What definitely distinguished Somers's practice from his medical colleagues, however, was his commitment to radium therapy. The lack of detail in the surviving records prevents us from establishing a clear picture of what illnesses Somers treated with radium and how broad a selection of applicators he used. All the same, the 1923 and 1925 visitation lists confirm that Somers embraced the new technology; not only did he agree to leave town to undertake the necessary training in Pittsburgh and New York, but we know from his visitation lists that he pursued radium therapy with some enthusiasm, at least until August 1925 when circumstances persuaded him to drop it abruptly.
The Cover of a Recent Study of Women Poisoned by Radium

Studies like that done on the Radium Girls make clear that radium, irresponsibly handled, could be destructive.
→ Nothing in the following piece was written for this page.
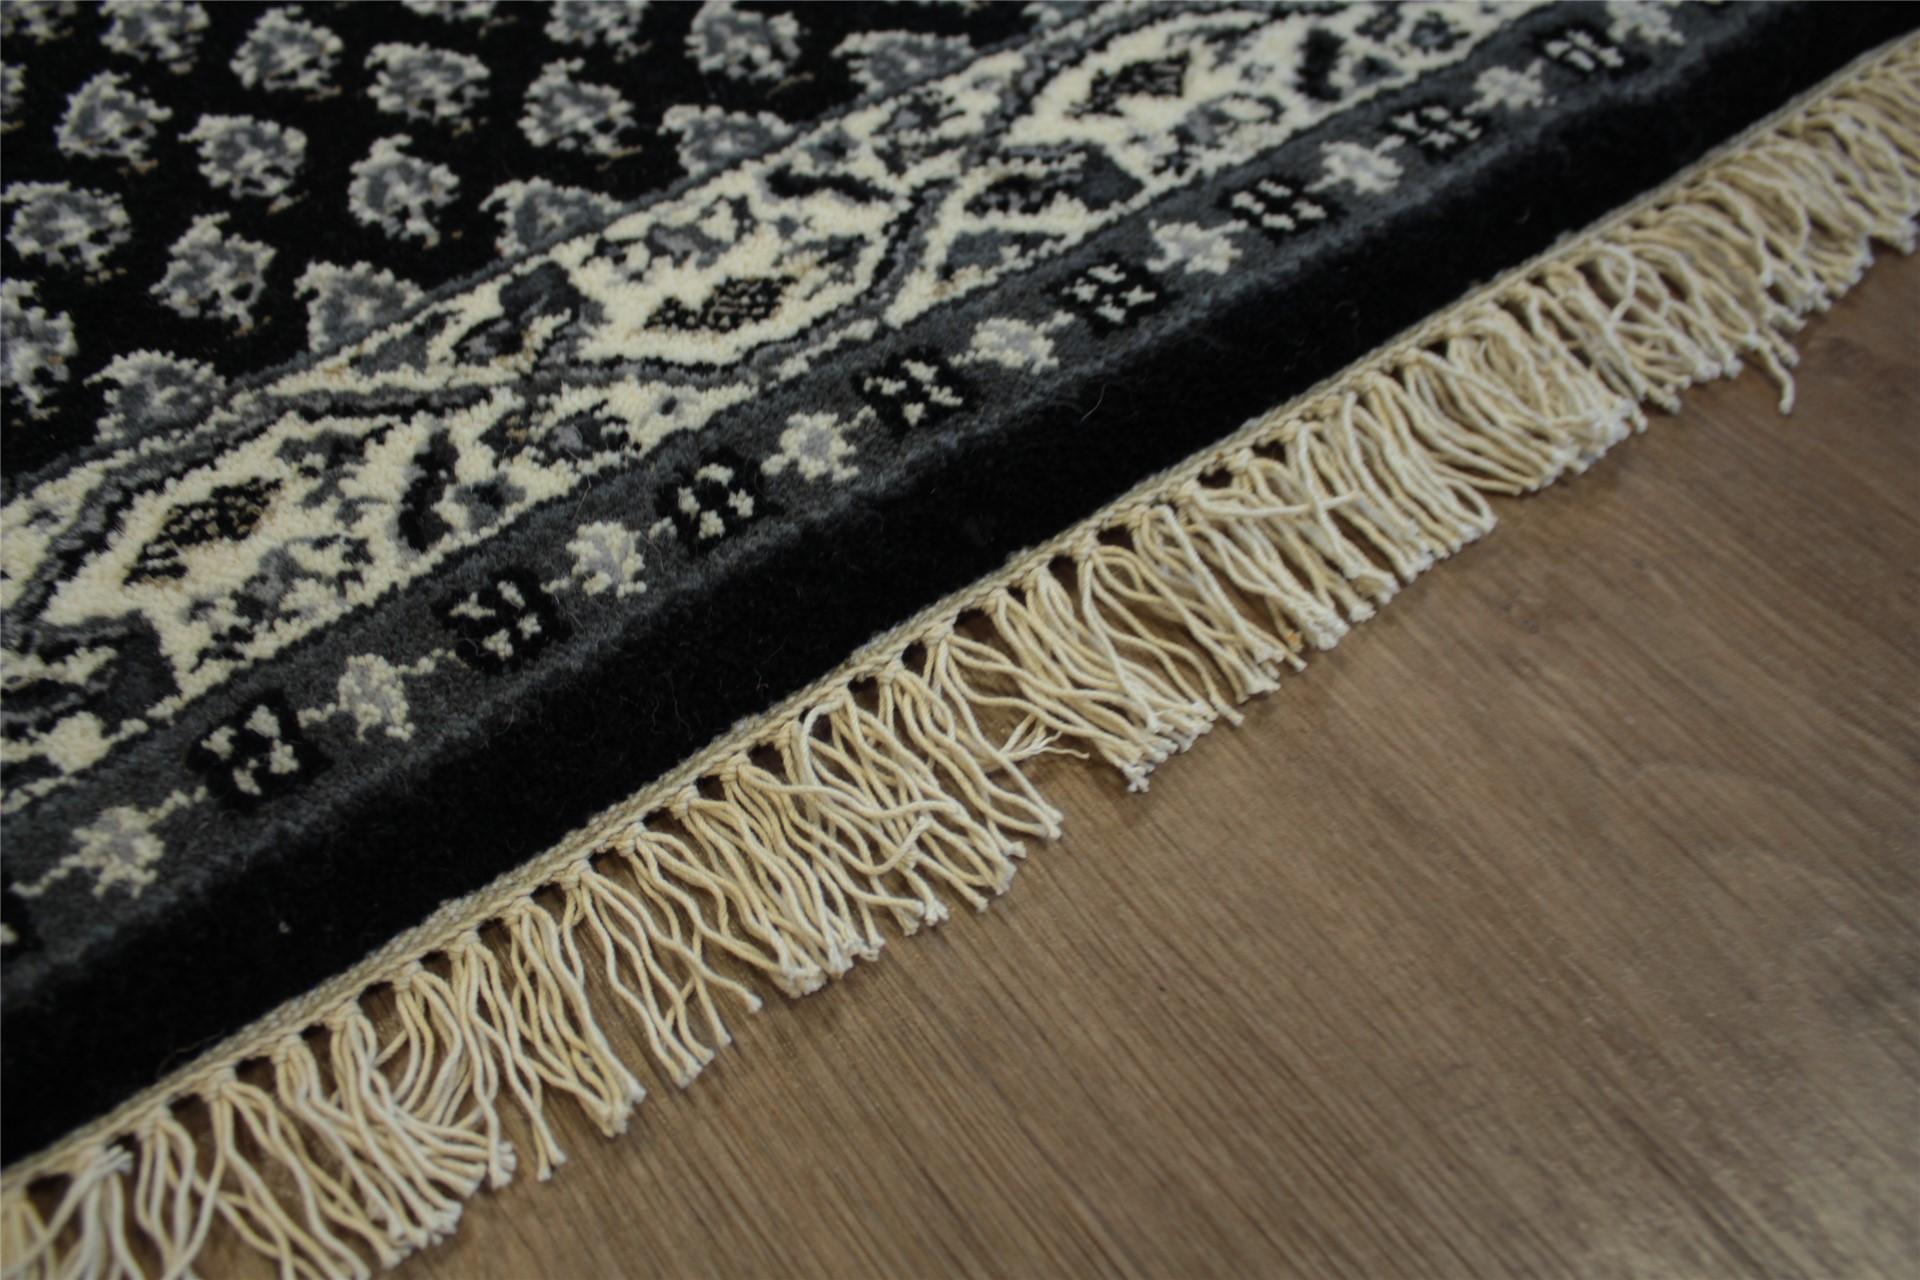 orient teppich fein 55x80 cm 100 wolle handgekn pft mit. Black Bedroom Furniture Sets. Home Design Ideas

As follow-up of Pearl Somers's patients makes clear, however, the Grinnell doctor exercised admirable care with this powerful element. No doubt he was anxious to cure the cancers he treated, but he seems not to have allowed that high-minded motive to overwhelm good judgment, as the later lives of his patients demonstrate. Most lived many years (in some cases, decades) after their encounter with radium. And none seem to have suffered serious injury as a result of the radium Somers applied. It seems unlikely that the men and women who entrusted their health to Dr. Somers fully understood the potency or appreciated the danger that radium constituted. But they trusted their doctor who recommended the therapy and the results—whether or not the therapy cured the original problem—seem to have vindicated their confidence in the Grinnell physician who journeyed to their homes to treat their illness.